Without a moment’s hesitation the slight figure began to sprint toward the noise of the shooting, slinging the Uzi over his shoulder and grabbing at the folding butt of the Smith amp; Wesson M-4000 scatter-gun.

Mildred, just stepping out of the elevator, also caught the distant rumble of gunfire.

Not knowing what it might portend, she hesitated, licking her dry lips.

And finally began to walk up the main passage.

IT WAS 939, and Krysty threw the lever to close the double sec doors on the control room. Dean and Michael were standing close behind her, looking nervously around the blind bend of the winding corridor to their right.

“Let’s go and see what we can see,” she suggested.

Back in the heart of the deserted mat-trans unit, the cherry-red chamber door was just swinging silently shut for the sixth and last time.

THE TORRENT OF nuclear missiles that defiled the earth during the brief holocaust did more than cull most human beings on the planet. It also slaughtered a vast percentage of all living things, animal and vegetable. Food chains were destroyed or distorted, and the fragile ecostructure was tilted and changed for the rest of eternity.

Landscapes were altered. Volcanoes, long extinct, found ferocious new life and the earthquakes raged, tilting tectonic plates that raised valleys and leveled mountains. There were lagoons where there had been deserts, and forests where there had been flat plains. Much of California slid into the Pacific, and cities fell and vanished.

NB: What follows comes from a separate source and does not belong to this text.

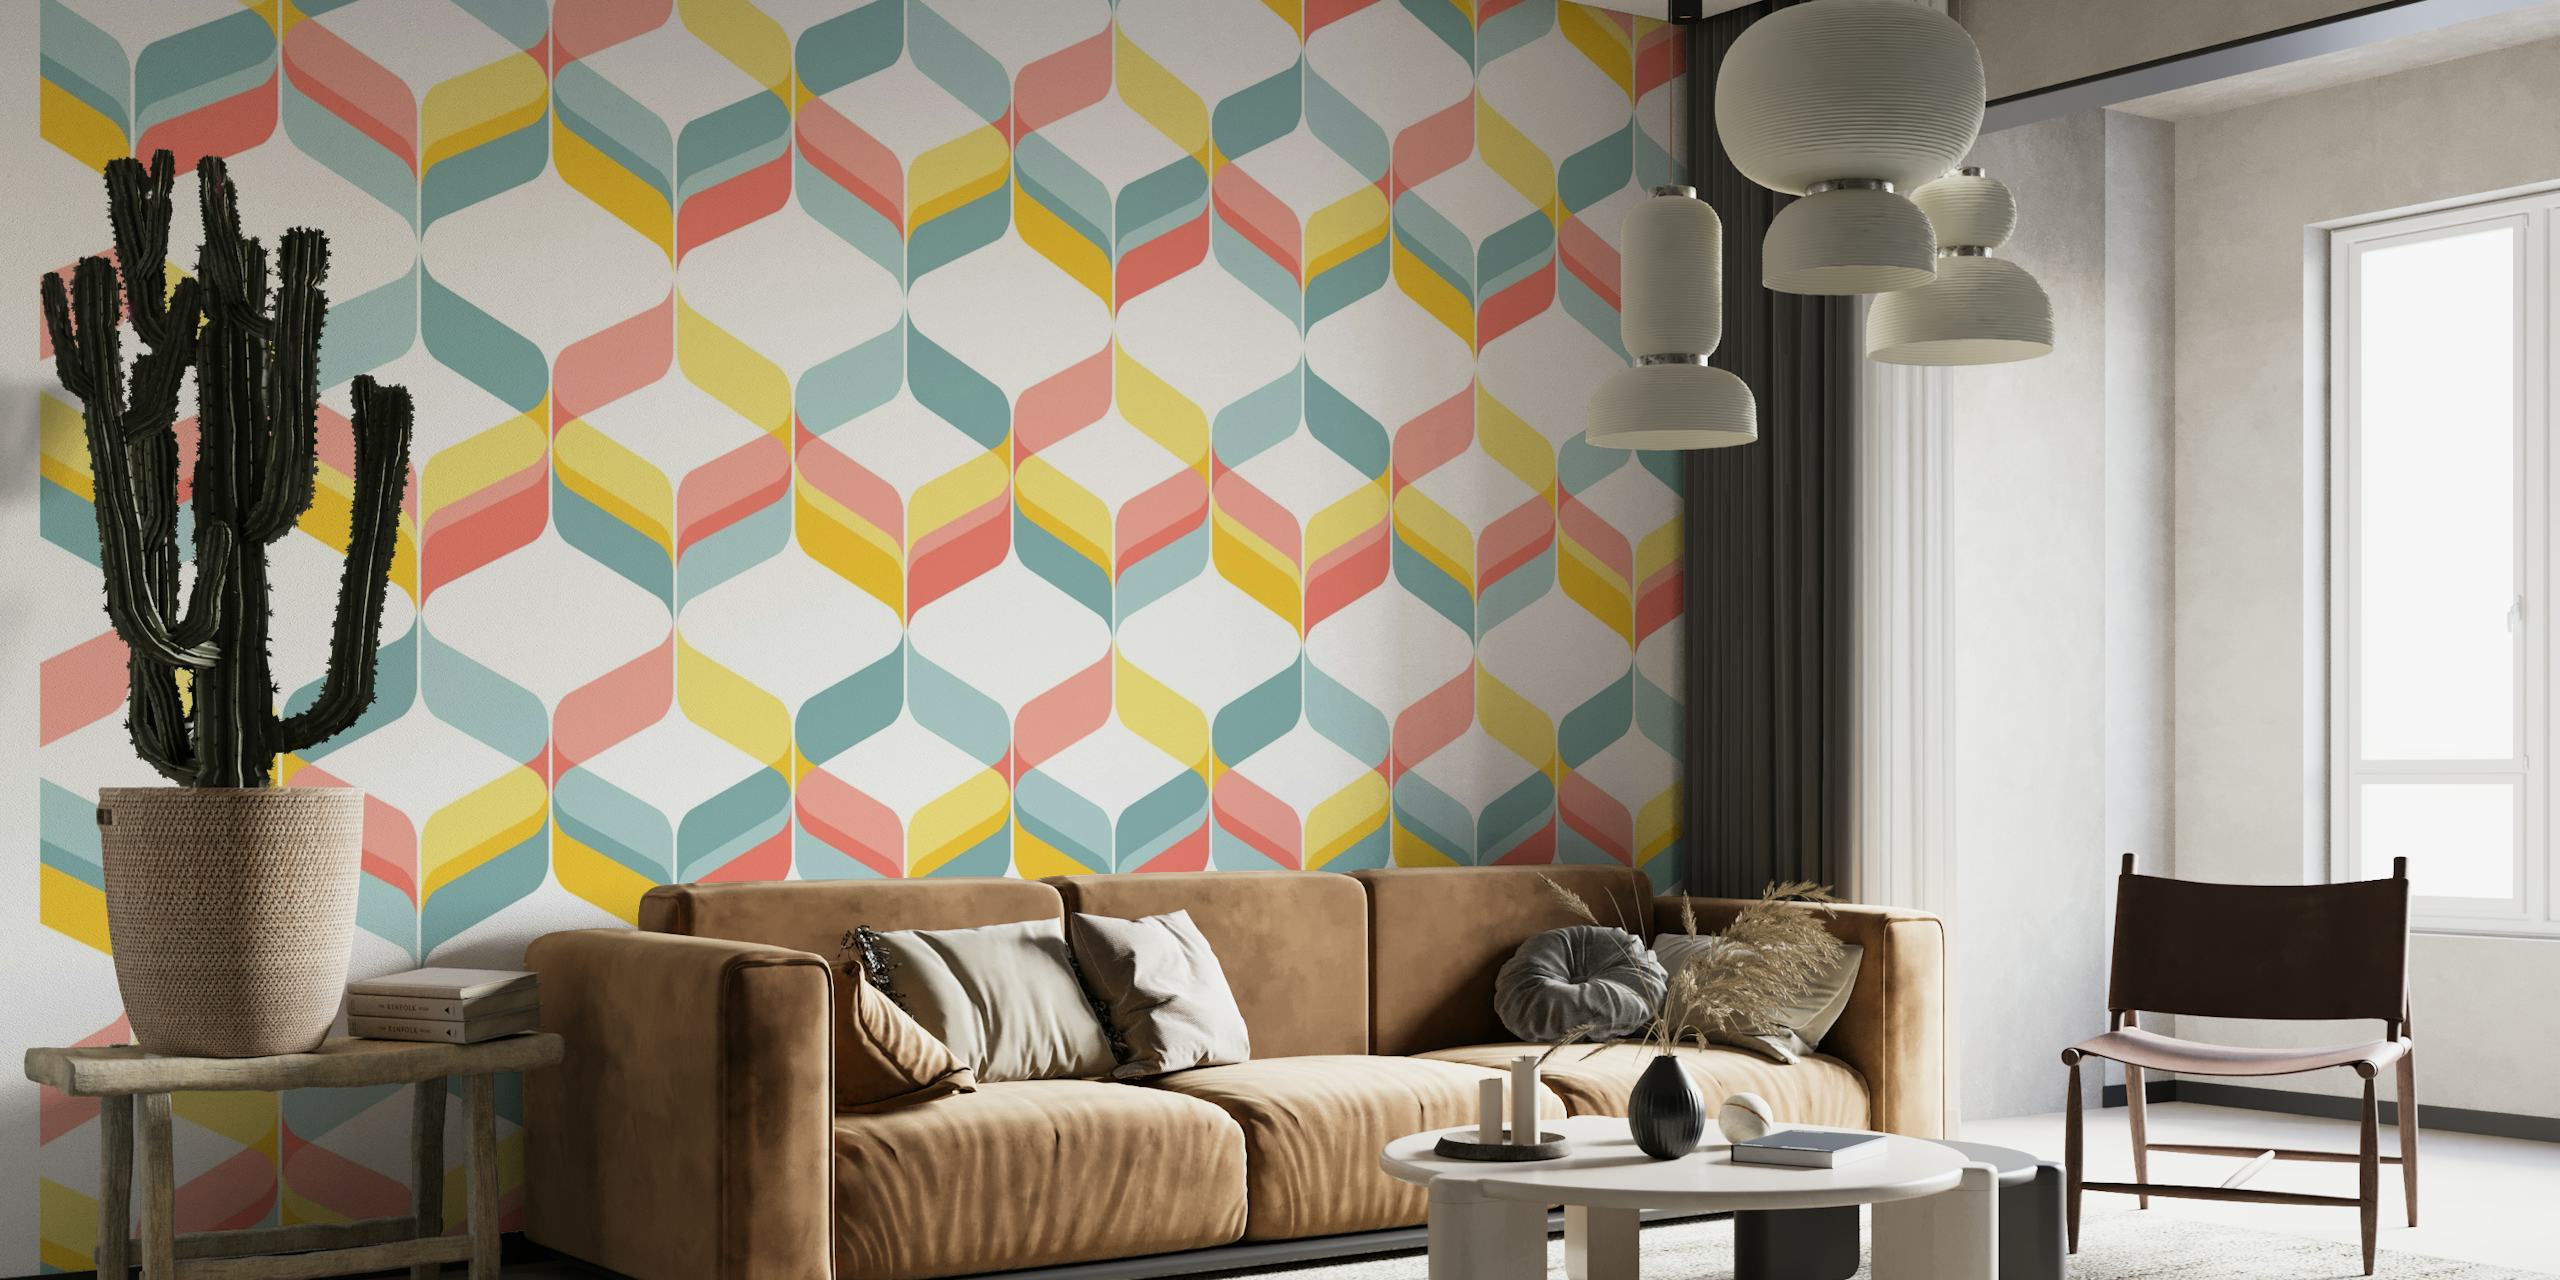 Mural de parede de fitas geométricas pastel em um design retro mod

After four generations, the underlying effects of the nuking were still running rampant. The first mutations had been more subtle, but the deviations from what had once been the norm grew ever more gross.

Plants, fish, birds and reptiles, everything that walked or crawled or burrowed or ran or swam or flew was altered.

Muties.

Most visible as you traveled through Deathlands were the humanoid muties.

Ryan had seen most of them, fought and killed plenty of them.

But he’d never come across anything quite like the creature that stood within the room, staring blankly back at him.